The rules as originally conceived were quite simple. Runs and RBIs were worth four points each, hits and home runs one point, and each team drafted a catcher, first, second, and third basemen, a shortstop and three outfielders, and backups for each. The league ran in week-to-week increments, Monday to Sunday, and players qualified simply by appearing in one game per week. By those rules, the worst player in pool history was Maury Wills, who played the entire season, his last with the Dodgers, and whose slash line for the year was .129/.190/.167, with an OPS of .357 and an OPS+ of 3. He finished with 97 points; a good year is 1,000 and anything below 700 is abject failure in drafting. (Aaron Judge last year finished with 1,302, and Randy Arozarena had 688, as a guide.) Two years ago, your author needed to use six different catchers just to get to the end of the season—Sean Murphy, thank you for all you do—and finished dismally. The rules were changed eventually to require two games of two at-bats per week to qualify, and have not been altered since.

Laugh if you must, but for much of the league’s history we only had newspaper box scores to go on; we also had butter churns for our dairy products and Baseball-Reference was just a filthy thought in Sean Forman's father's mind at the time. Scoring had to be simple because of the people involved, and not just for the aforementioned can’t-be-arsed reasons.

Since then, the league has grown from three to five and eventually six members, with only a few changes in personnel here and there; one franchise-holder (and we're gilding the brick by calling it a franchise) left journalism to become a longshoreman, if that's any guide to the company we keep. The only other rule changes were to add an extra round of backups to two at each position and four designated hitters (one starter and three backups). The scoring rules have not changed. This is only partially because analytics are ruining all sports, and has more to do with having to do math; acronyms and metrics come and go, but the four-times table is forever.

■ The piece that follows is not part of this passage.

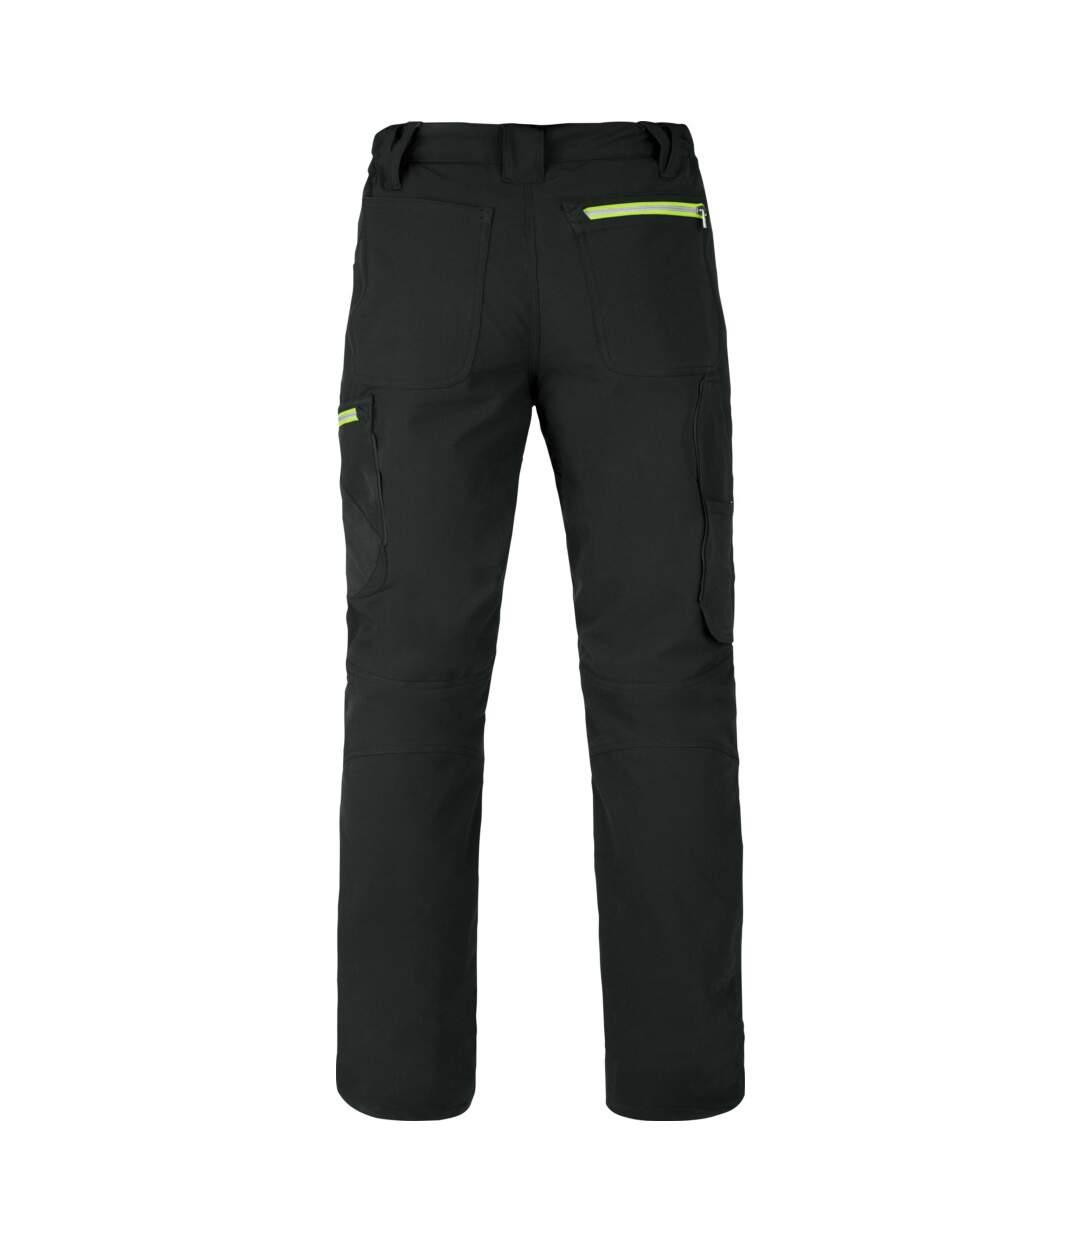 Pantalon de travail Stretch Evolution Würth MODYF Anthracite/Lime

And that's pretty much it. Nothing elaborate, nothing even very involved. We gather at a pizza joint on draft day and don't gather again until the next year’s draft day. The whole experience lasts for three hours and two pies. Hey, we've all got other shit to do. Your tolerance for your fellow competitors is entirely up to you, but we’ve met enough of you to know not to join any of your leagues, and for those we have not met we can infer the massive social corrosion based solely on the comments sections below each blog. When you have been in a room with people arguing with each other about the relative values of Luis Robert and Jake Cronenworth, you will not underestimate the magic that distance and only distance can provide.

And that is the pool in a nutshell, pun very much intended. This will be its only mention in these pages, ever. But as we are making damnable exceptions to Rule The First under pain of being throttled by Comrade Roth, we will give you this: your low-rent stenographer managed to get both Elly De La Cruz and Oneil Cruz, because we are trying a new strategy—using height and weight as the only determinants. We have not added up the vital statistics of our previous 42 rosters; your author joined the league in 1982, and as such is something of an expansion team. But this year, we are walking into the new season at a league-leading 56 feet, two inches and 1928 pounds. Between those two and Cal “Big Dumper” Raleigh, we feel confident that we will finish the year. Not that you’re going to read anything about it here. And now, 1,093 words after we said we would never violate Rule The First, and after however much time you wasted having this story read to you, go away. Go read Comrade Laughlin's opus on human kibble. At least with her you can snack.